◆ Source records
=-=-=-=-=

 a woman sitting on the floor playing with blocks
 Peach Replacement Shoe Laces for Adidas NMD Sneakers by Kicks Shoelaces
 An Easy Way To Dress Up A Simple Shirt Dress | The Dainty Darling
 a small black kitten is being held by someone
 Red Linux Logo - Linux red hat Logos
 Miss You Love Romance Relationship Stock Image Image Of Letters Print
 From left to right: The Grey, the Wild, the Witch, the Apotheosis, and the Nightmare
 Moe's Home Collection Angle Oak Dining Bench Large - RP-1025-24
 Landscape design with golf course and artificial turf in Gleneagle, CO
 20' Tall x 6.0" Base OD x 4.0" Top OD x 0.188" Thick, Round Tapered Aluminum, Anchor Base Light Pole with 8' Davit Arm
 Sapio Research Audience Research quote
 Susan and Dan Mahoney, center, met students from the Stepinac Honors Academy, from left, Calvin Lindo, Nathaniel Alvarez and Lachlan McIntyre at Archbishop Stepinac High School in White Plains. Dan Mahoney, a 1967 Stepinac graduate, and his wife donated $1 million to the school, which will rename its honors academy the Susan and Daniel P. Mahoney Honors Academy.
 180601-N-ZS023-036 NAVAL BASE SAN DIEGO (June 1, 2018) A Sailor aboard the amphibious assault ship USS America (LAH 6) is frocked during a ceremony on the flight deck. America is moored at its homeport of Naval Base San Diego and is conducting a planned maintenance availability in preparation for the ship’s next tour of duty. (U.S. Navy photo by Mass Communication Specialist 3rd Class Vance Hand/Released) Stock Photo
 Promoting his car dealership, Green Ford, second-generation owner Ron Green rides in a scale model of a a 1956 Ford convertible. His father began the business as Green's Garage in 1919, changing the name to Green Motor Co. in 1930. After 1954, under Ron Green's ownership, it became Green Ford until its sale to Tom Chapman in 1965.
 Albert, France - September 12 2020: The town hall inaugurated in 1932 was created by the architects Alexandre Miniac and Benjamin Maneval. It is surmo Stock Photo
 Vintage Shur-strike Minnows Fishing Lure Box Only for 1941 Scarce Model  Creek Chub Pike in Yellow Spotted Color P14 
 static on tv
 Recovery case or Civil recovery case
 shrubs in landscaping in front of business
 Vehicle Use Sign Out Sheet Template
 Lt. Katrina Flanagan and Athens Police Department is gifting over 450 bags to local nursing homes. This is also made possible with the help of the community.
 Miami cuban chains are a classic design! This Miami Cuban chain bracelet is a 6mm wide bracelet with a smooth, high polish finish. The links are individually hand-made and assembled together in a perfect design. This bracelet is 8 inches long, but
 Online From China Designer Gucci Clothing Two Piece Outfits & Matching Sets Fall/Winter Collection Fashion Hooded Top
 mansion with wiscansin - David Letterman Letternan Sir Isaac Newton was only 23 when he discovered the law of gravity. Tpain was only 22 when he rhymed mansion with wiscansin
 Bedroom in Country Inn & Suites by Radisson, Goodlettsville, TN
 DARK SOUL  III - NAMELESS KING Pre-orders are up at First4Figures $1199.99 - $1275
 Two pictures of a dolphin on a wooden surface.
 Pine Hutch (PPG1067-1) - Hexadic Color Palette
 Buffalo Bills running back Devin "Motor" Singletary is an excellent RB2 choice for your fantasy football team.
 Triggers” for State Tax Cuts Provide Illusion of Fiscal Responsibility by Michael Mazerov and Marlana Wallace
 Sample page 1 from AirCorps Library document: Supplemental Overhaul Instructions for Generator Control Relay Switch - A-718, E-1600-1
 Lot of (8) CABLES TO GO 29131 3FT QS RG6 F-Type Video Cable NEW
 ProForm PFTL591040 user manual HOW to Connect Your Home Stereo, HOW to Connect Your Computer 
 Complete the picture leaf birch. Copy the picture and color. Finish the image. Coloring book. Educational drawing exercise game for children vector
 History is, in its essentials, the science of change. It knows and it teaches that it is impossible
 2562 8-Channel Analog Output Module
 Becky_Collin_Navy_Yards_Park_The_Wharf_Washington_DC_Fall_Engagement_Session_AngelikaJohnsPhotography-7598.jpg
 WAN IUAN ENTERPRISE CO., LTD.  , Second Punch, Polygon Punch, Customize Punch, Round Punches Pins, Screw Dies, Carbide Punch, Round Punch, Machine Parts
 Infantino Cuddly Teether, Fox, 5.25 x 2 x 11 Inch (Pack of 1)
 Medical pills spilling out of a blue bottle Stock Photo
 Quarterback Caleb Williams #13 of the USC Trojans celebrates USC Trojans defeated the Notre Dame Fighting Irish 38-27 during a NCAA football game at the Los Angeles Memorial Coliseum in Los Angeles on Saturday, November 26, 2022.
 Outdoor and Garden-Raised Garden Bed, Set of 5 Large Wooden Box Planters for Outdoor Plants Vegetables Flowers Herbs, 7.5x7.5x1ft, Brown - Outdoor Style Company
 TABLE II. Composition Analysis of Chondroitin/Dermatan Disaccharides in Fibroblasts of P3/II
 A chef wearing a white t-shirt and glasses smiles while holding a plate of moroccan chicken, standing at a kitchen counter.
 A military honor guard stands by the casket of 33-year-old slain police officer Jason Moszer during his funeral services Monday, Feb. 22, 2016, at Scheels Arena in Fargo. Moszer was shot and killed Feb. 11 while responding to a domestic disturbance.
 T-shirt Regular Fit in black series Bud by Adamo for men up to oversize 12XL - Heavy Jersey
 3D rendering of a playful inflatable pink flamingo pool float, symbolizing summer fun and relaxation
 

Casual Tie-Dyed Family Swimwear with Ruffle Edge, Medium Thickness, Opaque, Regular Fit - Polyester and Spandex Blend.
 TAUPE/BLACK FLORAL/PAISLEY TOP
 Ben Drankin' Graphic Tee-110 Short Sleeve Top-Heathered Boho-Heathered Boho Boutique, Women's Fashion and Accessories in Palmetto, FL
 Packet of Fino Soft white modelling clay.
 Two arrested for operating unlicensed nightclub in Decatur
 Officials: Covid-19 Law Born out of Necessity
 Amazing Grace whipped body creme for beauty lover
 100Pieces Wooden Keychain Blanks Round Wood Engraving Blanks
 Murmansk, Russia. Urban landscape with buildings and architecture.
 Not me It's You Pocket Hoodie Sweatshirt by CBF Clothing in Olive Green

=-=-=-=-=

Repeat every record, keeping each line exactly as it is.

◆ Response to this task
 a woman sitting on the floor playing with blocks
 Peach Replacement Shoe Laces for Adidas NMD Sneakers by Kicks Shoelaces
 An Easy Way To Dress Up A Simple Shirt Dress | The Dainty Darling
 a small black kitten is being held by someone
 Red Linux Logo - Linux red hat Logos
 Miss You Love Romance Relationship Stock Image Image Of Letters Print
 From left to right: The Grey, the Wild, the Witch, the Apotheosis, and the Nightmare
 Moe's Home Collection Angle Oak Dining Bench Large - RP-1025-24
 Landscape design with golf course and artificial turf in Gleneagle, CO
 20' Tall x 6.0" Base OD x 4.0" Top OD x 0.188" Thick, Round Tapered Aluminum, Anchor Base Light Pole with 8' Davit Arm
 Sapio Research Audience Research quote
 Susan and Dan Mahoney, center, met students from the Stepinac Honors Academy, from left, Calvin Lindo, Nathaniel Alvarez and Lachlan McIntyre at Archbishop Stepinac High School in White Plains. Dan Mahoney, a 1967 Stepinac graduate, and his wife donated $1 million to the school, which will rename its honors academy the Susan and Daniel P. Mahoney Honors Academy.
 180601-N-ZS023-036 NAVAL BASE SAN DIEGO (June 1, 2018) A Sailor aboard the amphibious assault ship USS America (LAH 6) is frocked during a ceremony on the flight deck. America is moored at its homeport of Naval Base San Diego and is conducting a planned maintenance availability in preparation for the ship’s next tour of duty. (U.S. Navy photo by Mass Communication Specialist 3rd Class Vance Hand/Released) Stock Photo
 Promoting his car dealership, Green Ford, second-generation owner Ron Green rides in a scale model of a a 1956 Ford convertible. His father began the business as Green's Garage in 1919, changing the name to Green Motor Co. in 1930. After 1954, under Ron Green's ownership, it became Green Ford until its sale to Tom Chapman in 1965.
 Albert, France - September 12 2020: The town hall inaugurated in 1932 was created by the architects Alexandre Miniac and Benjamin Maneval. It is surmo Stock Photo
 Vintage Shur-strike Minnows Fishing Lure Box Only for 1941 Scarce Model  Creek Chub Pike in Yellow Spotted Color P14 
 static on tv
 Recovery case or Civil recovery case
 shrubs in landscaping in front of business
 Vehicle Use Sign Out Sheet Template
 Lt. Katrina Flanagan and Athens Police Department is gifting over 450 bags to local nursing homes. This is also made possible with the help of the community.
 Miami cuban chains are a classic design! This Miami Cuban chain bracelet is a 6mm wide bracelet with a smooth, high polish finish. The links are individually hand-made and assembled together in a perfect design. This bracelet is 8 inches long, but
 Online From China Designer Gucci Clothing Two Piece Outfits & Matching Sets Fall/Winter Collection Fashion Hooded Top
 mansion with wiscansin - David Letterman Letternan Sir Isaac Newton was only 23 when he discovered the law of gravity. Tpain was only 22 when he rhymed mansion with wiscansin
 Bedroom in Country Inn & Suites by Radisson, Goodlettsville, TN
 DARK SOUL  III - NAMELESS KING Pre-orders are up at First4Figures $1199.99 - $1275
 Two pictures of a dolphin on a wooden surface.
 Pine Hutch (PPG1067-1) - Hexadic Color Palette
 Buffalo Bills running back Devin "Motor" Singletary is an excellent RB2 choice for your fantasy football team.
 Triggers” for State Tax Cuts Provide Illusion of Fiscal Responsibility by Michael Mazerov and Marlana Wallace
 Sample page 1 from AirCorps Library document: Supplemental Overhaul Instructions for Generator Control Relay Switch - A-718, E-1600-1
 Lot of (8) CABLES TO GO 29131 3FT QS RG6 F-Type Video Cable NEW
 ProForm PFTL591040 user manual HOW to Connect Your Home Stereo, HOW to Connect Your Computer 
 Complete the picture leaf birch. Copy the picture and color. Finish the image. Coloring book. Educational drawing exercise game for children vector
 History is, in its essentials, the science of change. It knows and it teaches that it is impossible
 2562 8-Channel Analog Output Module
 Becky_Collin_Navy_Yards_Park_The_Wharf_Washington_DC_Fall_Engagement_Session_AngelikaJohnsPhotography-7598.jpg
 WAN IUAN ENTERPRISE CO., LTD.  , Second Punch, Polygon Punch, Customize Punch, Round Punches Pins, Screw Dies, Carbide Punch, Round Punch, Machine Parts
 Infantino Cuddly Teether, Fox, 5.25 x 2 x 11 Inch (Pack of 1)
 Medical pills spilling out of a blue bottle Stock Photo
 Quarterback Caleb Williams #13 of the USC Trojans celebrates USC Trojans defeated the Notre Dame Fighting Irish 38-27 during a NCAA football game at the Los Angeles Memorial Coliseum in Los Angeles on Saturday, November 26, 2022.
 Outdoor and Garden-Raised Garden Bed, Set of 5 Large Wooden Box Planters for Outdoor Plants Vegetables Flowers Herbs, 7.5x7.5x1ft, Brown - Outdoor Style Company
 TABLE II. Composition Analysis of Chondroitin/Dermatan Disaccharides in Fibroblasts of P3/II
 A chef wearing a white t-shirt and glasses smiles while holding a plate of moroccan chicken, standing at a kitchen counter.
 A military honor guard stands by the casket of 33-year-old slain police officer Jason Moszer during his funeral services Monday, Feb. 22, 2016, at Scheels Arena in Fargo. Moszer was shot and killed Feb. 11 while responding to a domestic disturbance.
 T-shirt Regular Fit in black series Bud by Adamo for men up to oversize 12XL - Heavy Jersey
 3D rendering of a playful inflatable pink flamingo pool float, symbolizing summer fun and relaxation
 

Casual Tie-Dyed Family Swimwear with Ruffle Edge, Medium Thickness, Opaque, Regular Fit - Polyester and Spandex Blend.
 TAUPE/BLACK FLORAL/PAISLEY TOP
 Ben Drankin' Graphic Tee-110 Short Sleeve Top-Heathered Boho-Heathered Boho Boutique, Women's Fashion and Accessories in Palmetto, FL
 Packet of Fino Soft white modelling clay.
 Two arrested for operating unlicensed nightclub in Decatur
 Officials: Covid-19 Law Born out of Necessity
 Amazing Grace whipped body creme for beauty lover
 100Pieces Wooden Keychain Blanks Round Wood Engraving Blanks
 Murmansk, Russia. Urban landscape with buildings and architecture.
 Not me It's You Pocket Hoodie Sweatshirt by CBF Clothing in Olive Green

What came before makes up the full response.